Hi Everyone this is Rosie.  While at Wairaka today, Anabella and I had a conversation with Moses that I felt compelled to share. We spoke about why it is important for people to come to Uganda. Some people believe that it is better to just help Uganda or other countries from home, which is extremely beneficial--selling the women's crafts, raising money, spreading awareness ect, however, physically traveling to Uganda and seeing the place yourself--the women who made the jewelry, the children you are sponsoring, is something so different, something so unexplainable, that you cannot come close to fathoming from home. Moses said that it is important for people to come and see the conditions in Uganda so that "when they go back to America, they will not be as wasteful". We also discussed how we have so much that we take for granted and we cannot do that.

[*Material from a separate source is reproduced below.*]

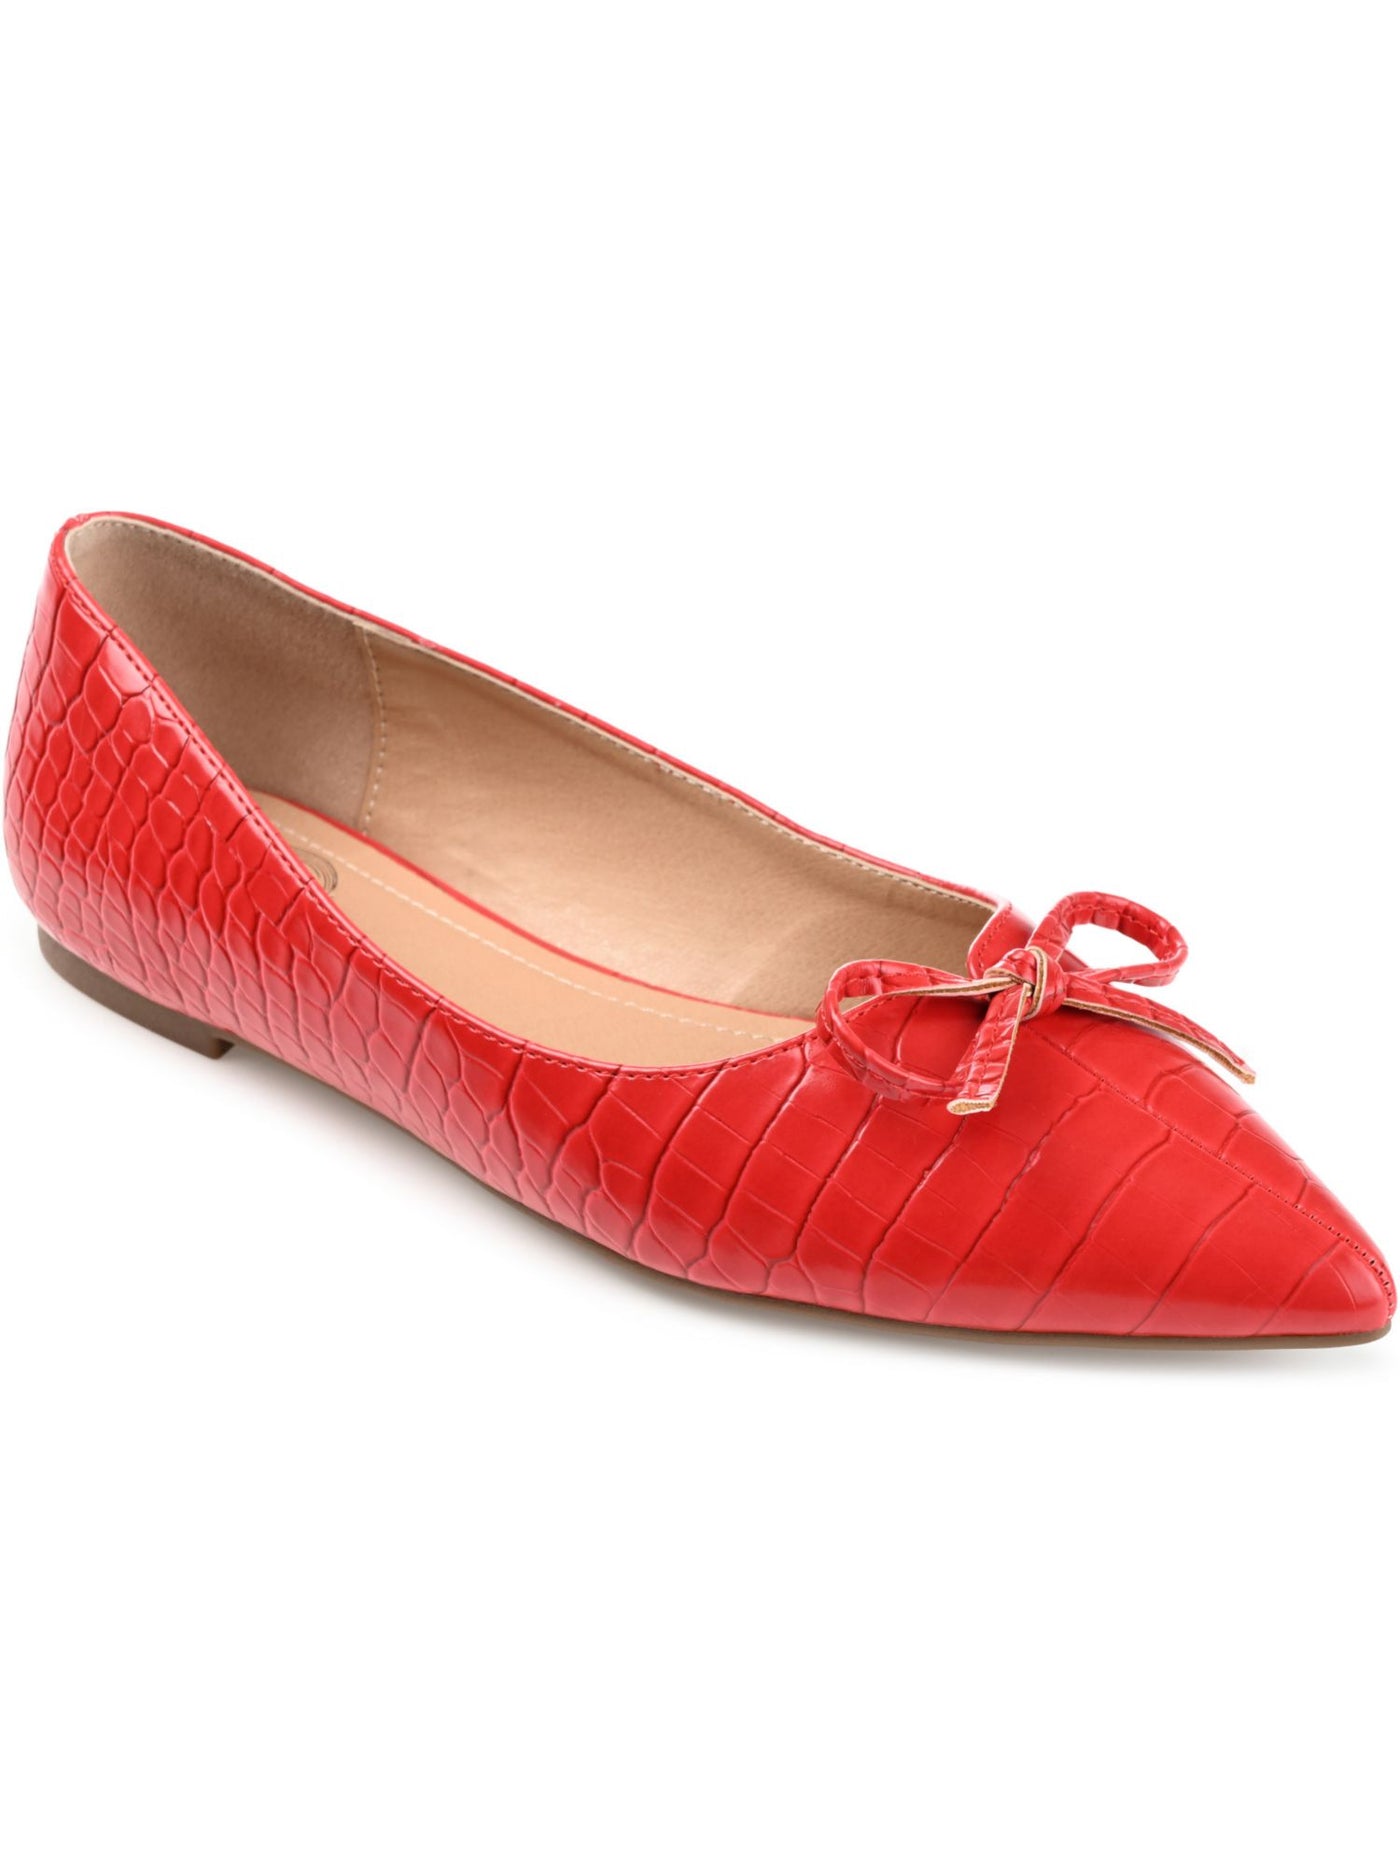 JOURNEE COLLECTION Womens Red Croc Embossed Bow Accent Padded Devalyn Pointed Toe Slip On Ballet Flats 12
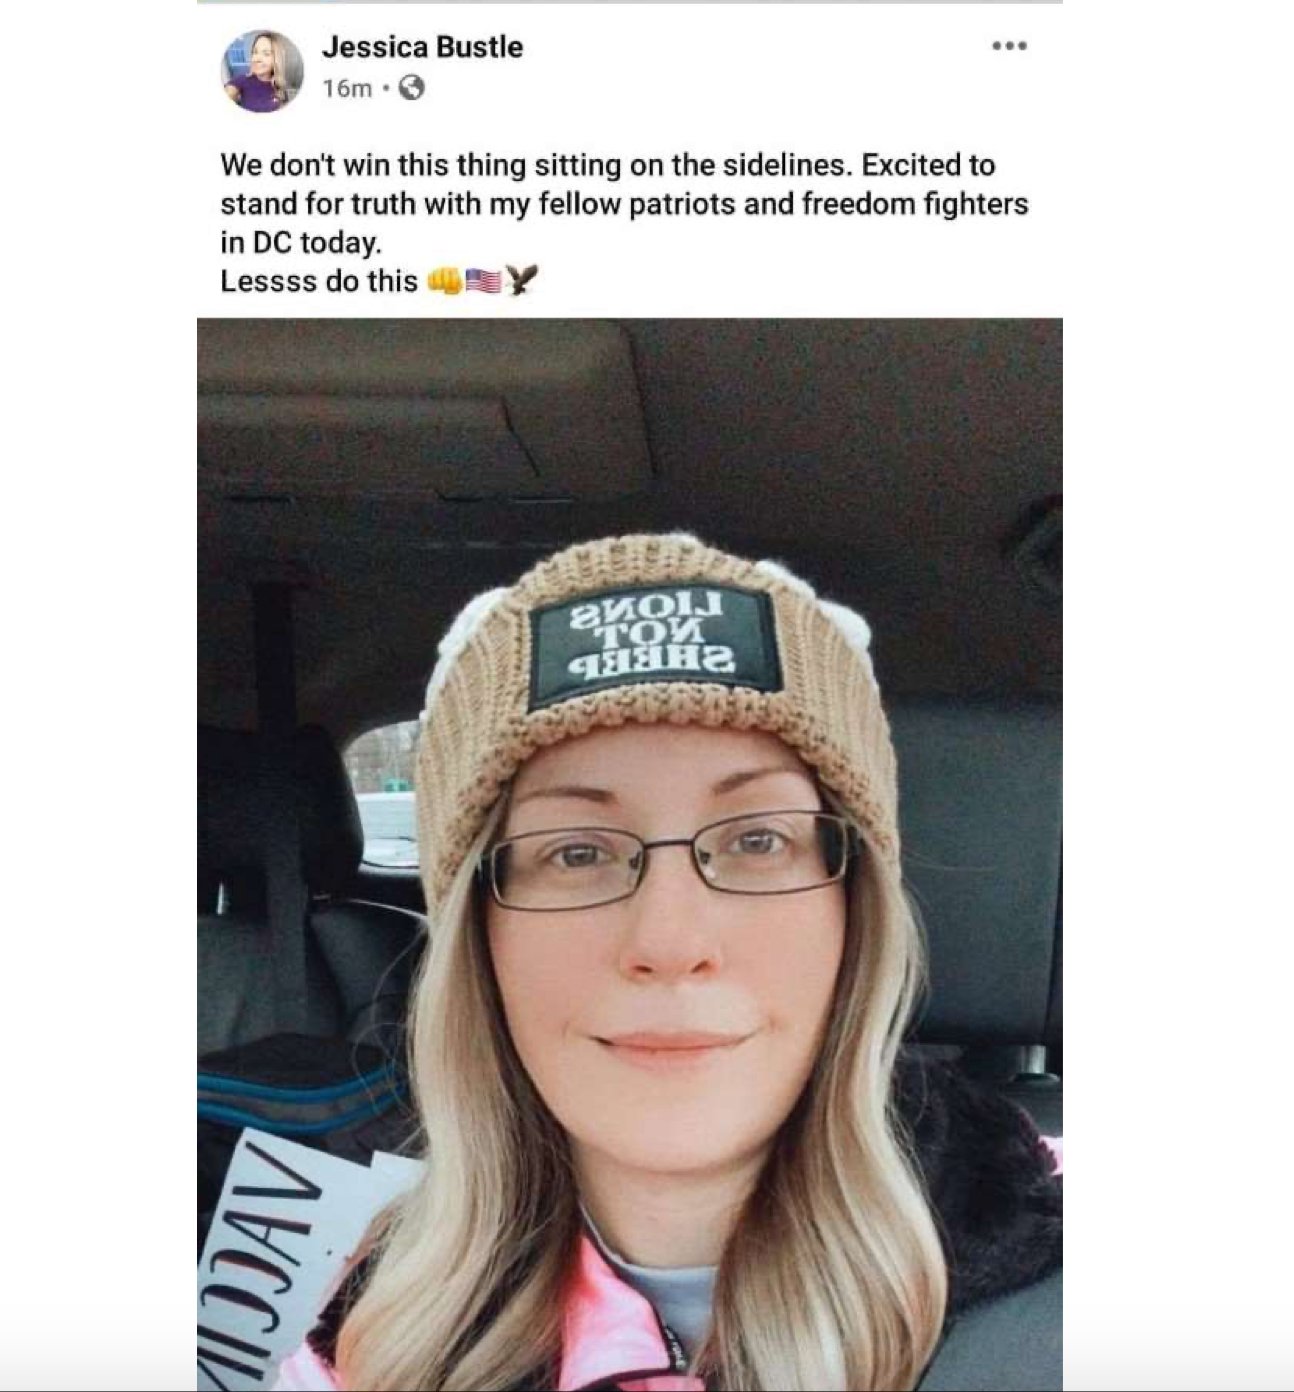 Jessica Bustle posts on Facebook that she will not stand on the sidelines.

I came to Uganda a year and a half ago, and it honestly took the villagers of Kagoma Gate and Wairaka this year to remind me again of how fortunate we are. Have you ever worn a shirt until it literally fell off of you from being so worn out? Have you ever been playing at your home and ran around a body covered in dirt because you have no money to bury your beloved loved one that passed away? Have you ever watched life slowly leave your child but had no way to save them? These are experiences that I could never imagine but are so common in Kagoma Gate and villages alike in Uganda.
It unfortunately takes experiences like these to be reminded how lucky we are in America. You have probably been told so many times how fortunate we are, I know I have. But how often do we truly reflect on this fact or more importantly act on it? For me personally, Mom and Dad--I know I always take you both for granted much too often and not often enough show how appreciative I am. So, I am writing this blog to remind not only myself but everyone reading this that we must reflect on how fortunate we are and then we must act on it. We must not only think about the people we love, the ones that care for us, the homes we have, and the "things" that get us through the day but take time to show how grateful we are. No one has shown me this better than the villagers of Kagoma Gate, the children and parents of Wairaka, and everyone I have met these past two weeks. I know I will carry their genuine and beautiful smiles with me back home to help me remember how fortunate I am and to never take that for granted.